Historic church in Montana, United States

The Historic St. Mary's Mission is a mission established by the Society of Jesus of the Catholic Church, located now on Fourth Street in modern-day Stevensville, Montana. Founded in 1841 and designed as an ongoing village for Catholic Salish Indians, St. Mary's was the first permanent settlement made by non-indigenous peoples in what became the state of Montana. The mission structure was rebuilt in 1866. It was listed on the National Register of Historic Places in 1970.

==Searching for the Black Robes==

The Salish came to know about the Jesuits from Catholic Iroquois fur trappers who settled among them either in 1811, or sometime after 1816. Especially Ignace (Big Ignace) aroused attention with his stories about the "Black Robes". Indian delegations reached St. Louis in 1831 and 1835, both in vain, asking for a priest to follow them back to the Salish country.

Lakotas near Ash Hollow (Nebraska) killed a third group sent to make the same request in 1837, including Ignace. In 1839, two Iroquois Indians met Father De Smet at Council Bluff, by chance, and they relayed the request again. In July 1840, Father De Smet was greeted by more than 1,000 Salish and Pend d'Oreille Indians in Pierre's Hole. He promised to fulfill the request within a year.

On September 24 the next year, Father De Smet returned to the Salish. Accompanying him to the Bitterroot Valley were Fathers Gregory Mengarini and Nicholas Point, as well as Brothers Joseph Specht, William Claessens, and Charles Huett.

==Construction==

Brother Claessens was a carpenter and led the building of the church. As construction began under the supervision of Pierre-Jean De Smet, he described St. Mary's and the Salish workforce as follows:
The women hewed down the timber, assisted by their husbands, with the greatest alacrity and expedition, and in a few weeks we had constructed a log church, capable of holding 900 persons. To ornament the interior, the women placed mats of a species long grass, which were hung on the roof and sides of the church, and spread over the floor,-- it was then adorned with festoons formed of branches of cedar and pine.

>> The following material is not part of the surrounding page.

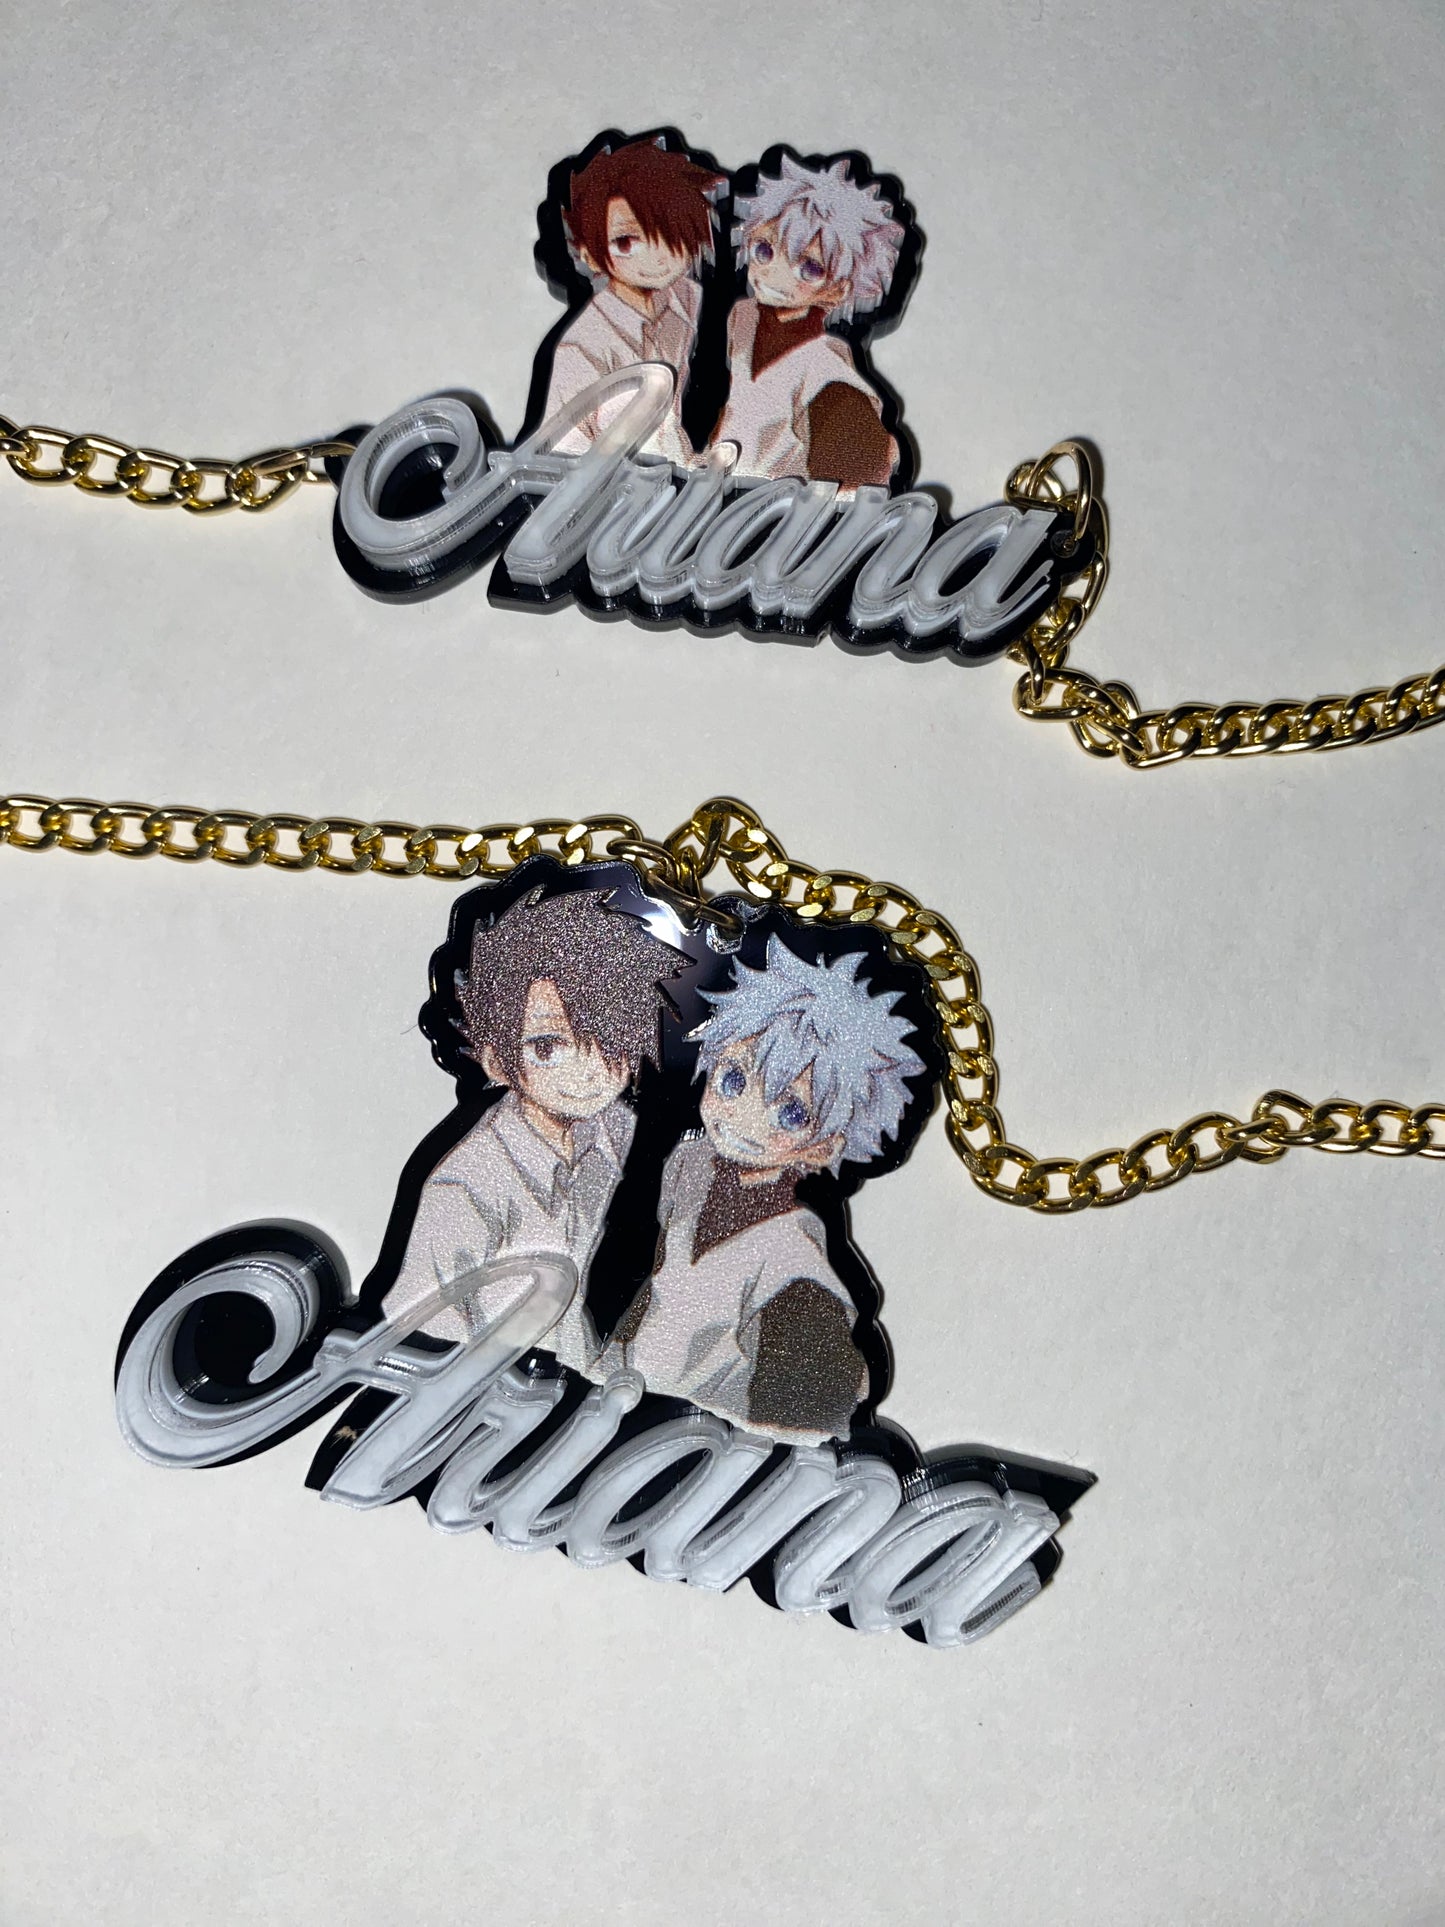 Best Character Acrylic Jewelry (Any Character)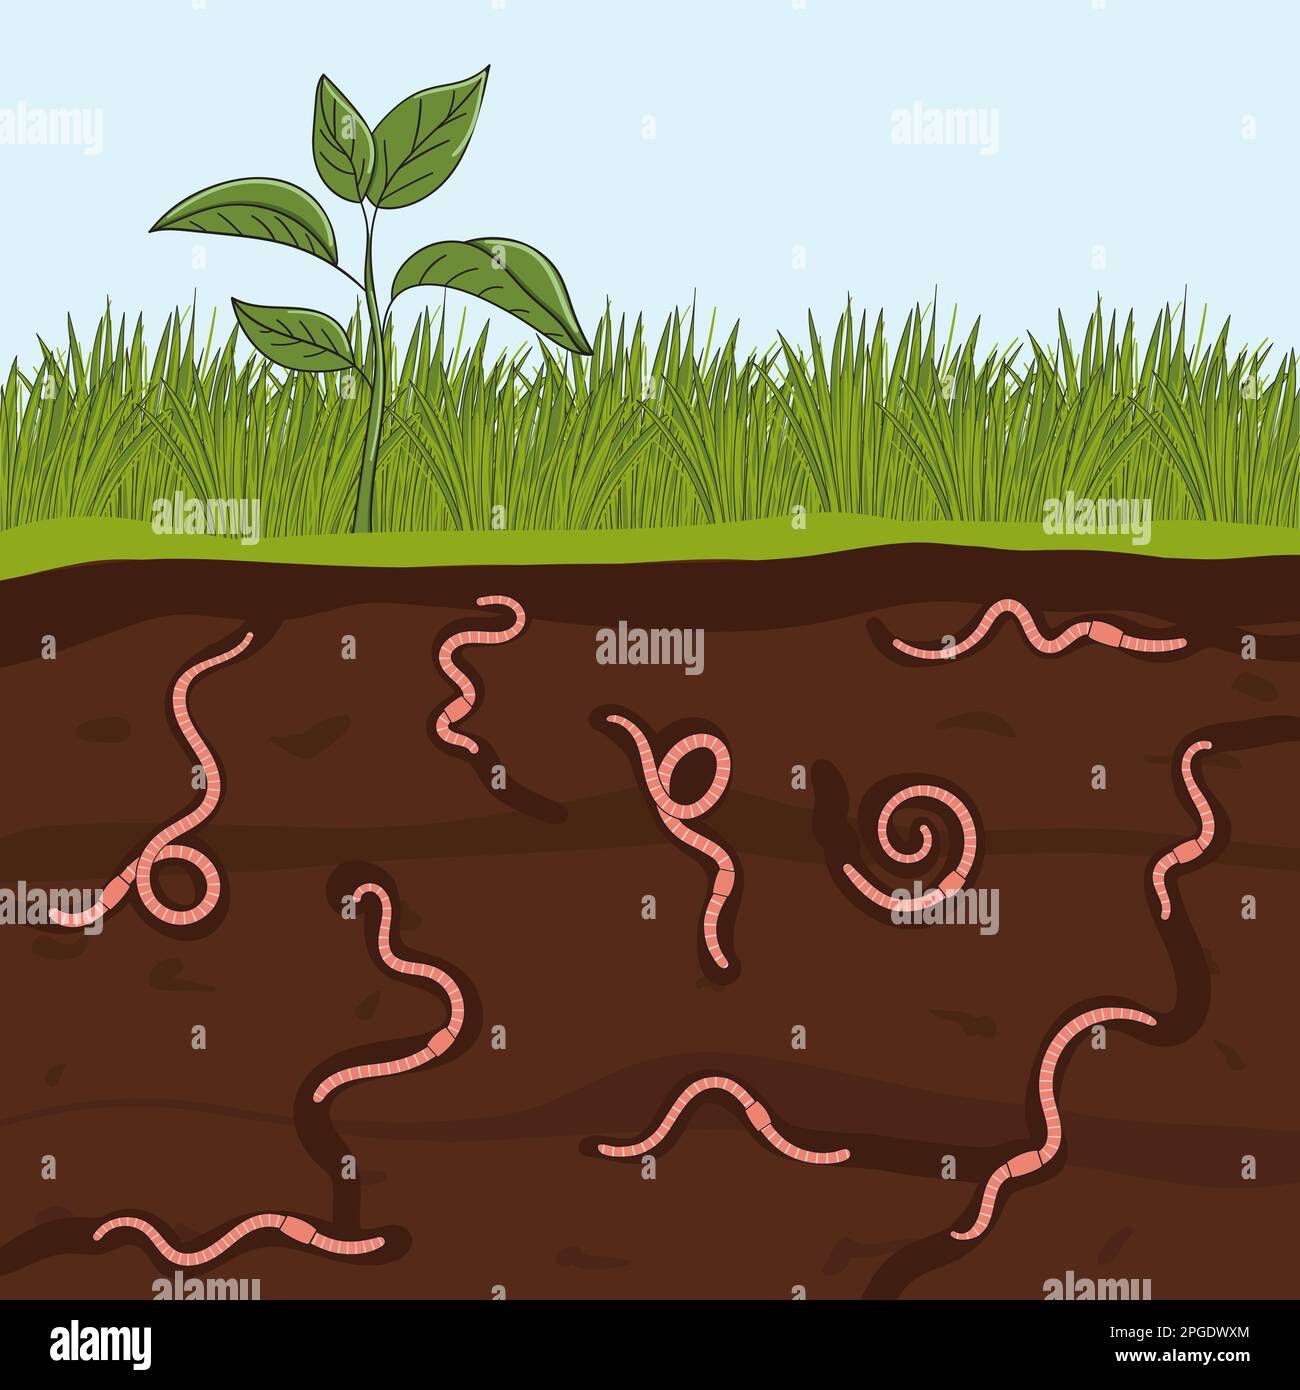 Pink earthworms in garden soil. Ground cutaway with worms. Farming and agriculture. Hand drawn vector illustration. Stock Vector

Nicolas Point's plan included houses with lawns. They were built in harmony with that plan although it made the village open to attacks. A palisade shielded the church. The first communion was at Easter 1842. At this time, Chief Victor held the position as principal representative for the Bitterroot Salish.

Father Anthony Ravalli joined the mission in 1845. He inoculated the Indians against smallpox and ran the dispensary.

In 1846, the fields yielded 7,000 bushels of wheat and a considerable quantum of garden crops. However, by this time many Salish Indians had turned their backs to the mission and slowly, took up their former lifestyle. They felt betrayed by the establishment of a mission at Colville for the Blackfeet, who were their enemies.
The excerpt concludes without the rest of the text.